I love your title, as I mentioned and I love how you've wielded it in the story itself. You've used the title to provide a sort of a backdrop to your entire story, which worked very well here. It lent the piece an almost poetic or rhythmic feel and it was written so well.

There were many powerful sentences or paragraphs in this one-shot that really caught my eye. I cannot possibly list them all (I might end up listing the whole story!), but here are a few I particularly enjoyed. They conveyed a lot more than just the surface meaning.

"At times, she wonders whether her life is an act, a play, a scene laid out for others to enjoy while she can hide from herself. "

"A child playing with life, a child playing with playing. All her actions have been without cause or reason; they were just a game. A game which has to end now she acknowledges the truth of it all. The truth she still tries to deny.

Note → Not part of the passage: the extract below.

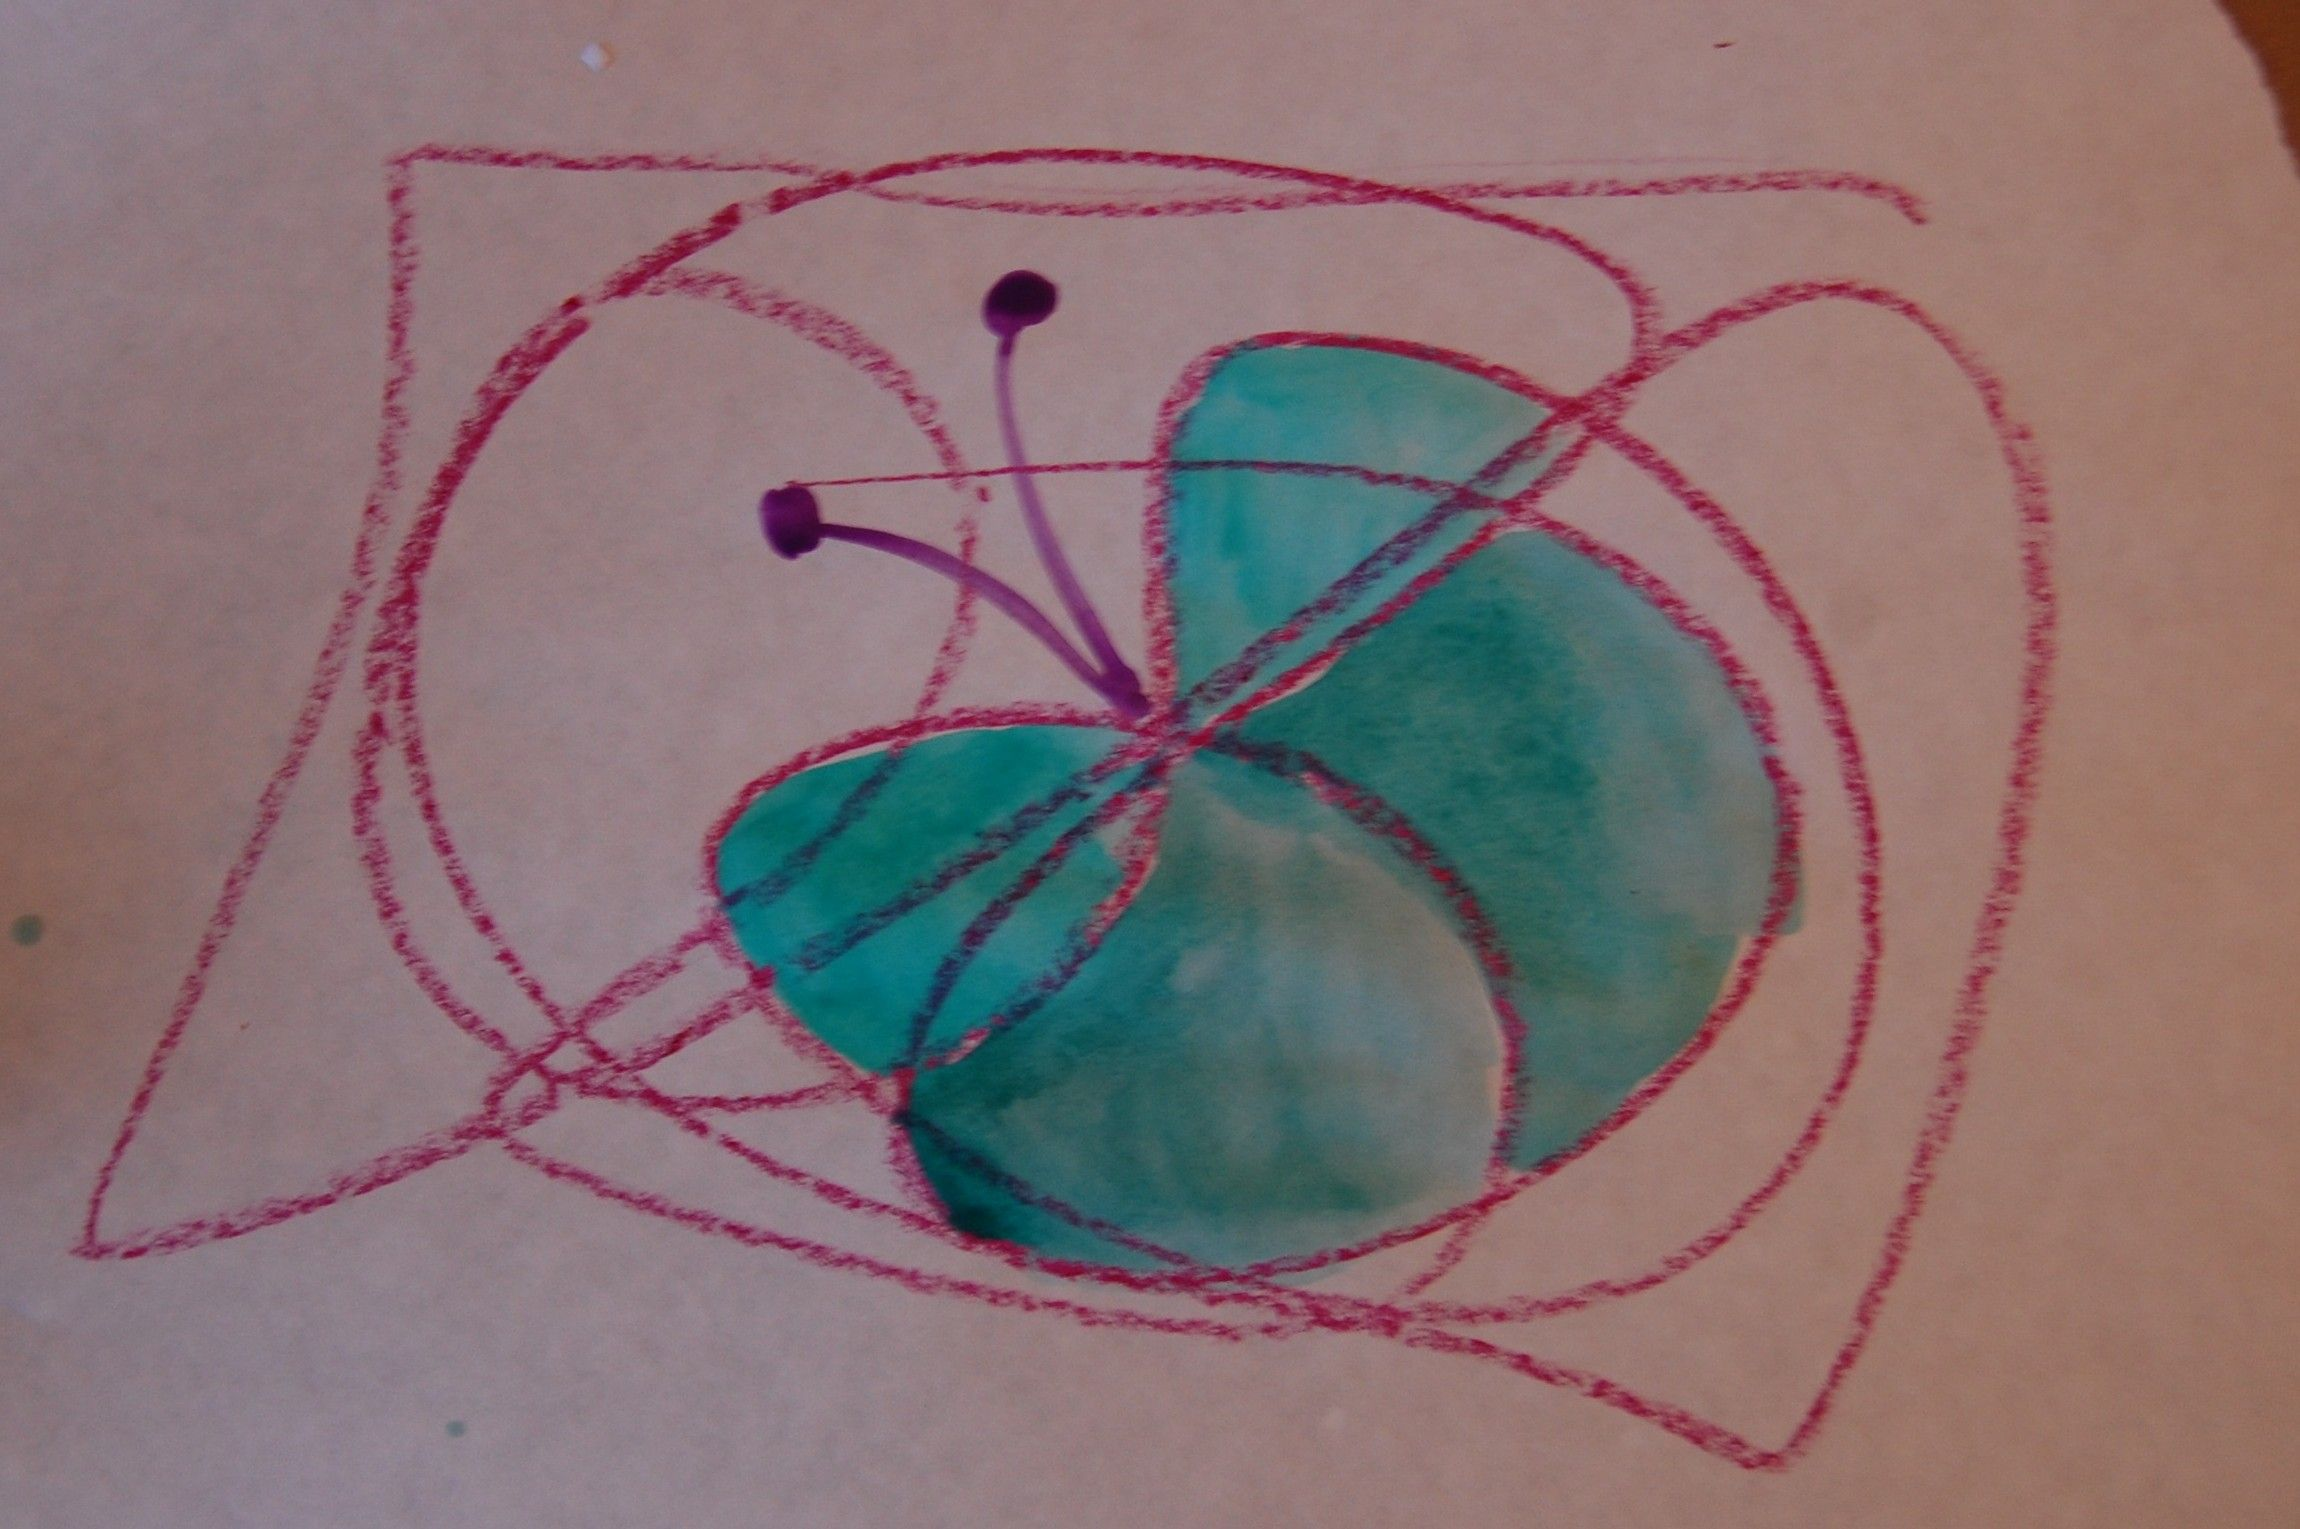 Scribble Drawing For Kids : Scribble drawing kids art

"She knows that the only thing that the cigarettes and the make-up are hiding her from is the person most unknown to her, herself. Nothing more. Nothing less."

And the entire last two paras. They tied up this one-shot really well and I think you did a good job with the ending. One thing I would suggest is to have a single sentence in the end that brings out her pain and angst in a final and definitive manner, but that's just a suggestion. This story is brilliant as it is and I'm glad I picked it. There's so much depth and beauty to it and for the first time ever, I feel like there's more to Pansy than meets the eye! :)

Author's Response: Haha, maybe I should have picked one for you then? :P I'm glad you chose this one though, because I thought the same until I wrote this one-shot and now it's making me desperate to have more information about her and see what she was actually like!

*blushes* I'm so glad that you liked my characterisation of her as I was little worried it might have been too OOC or something like that. You picked up on exactly what I was trying to do because a lot of her behaviour did seem to be rather showy in the book, so it made me wonder whether it was all real or not. Then it sort of evolved into her never really being herself.

I have to admit, it was in the story first and then I chose it as the title, but I'm glad you liked it still! It was poetic though? *blushes again* You're being too nice to me here, and I feel this response is inadequate with it's ramblings.

Yes, I don't think the review box quite stretches into fitting the whole story into it :P I'm really glad you picked out those lines though, as they sort of showed her whole idea of acting and not being true. She does turn out to be a rather helpless person by the end of it.

I'll definitely go and review the last sentence, and see if I can make it angstier (is that a word?) so thanks for pointing it out! Thank you for such a wonderful review, it really, really did make my day, and I hope Pansy's got a new fan now!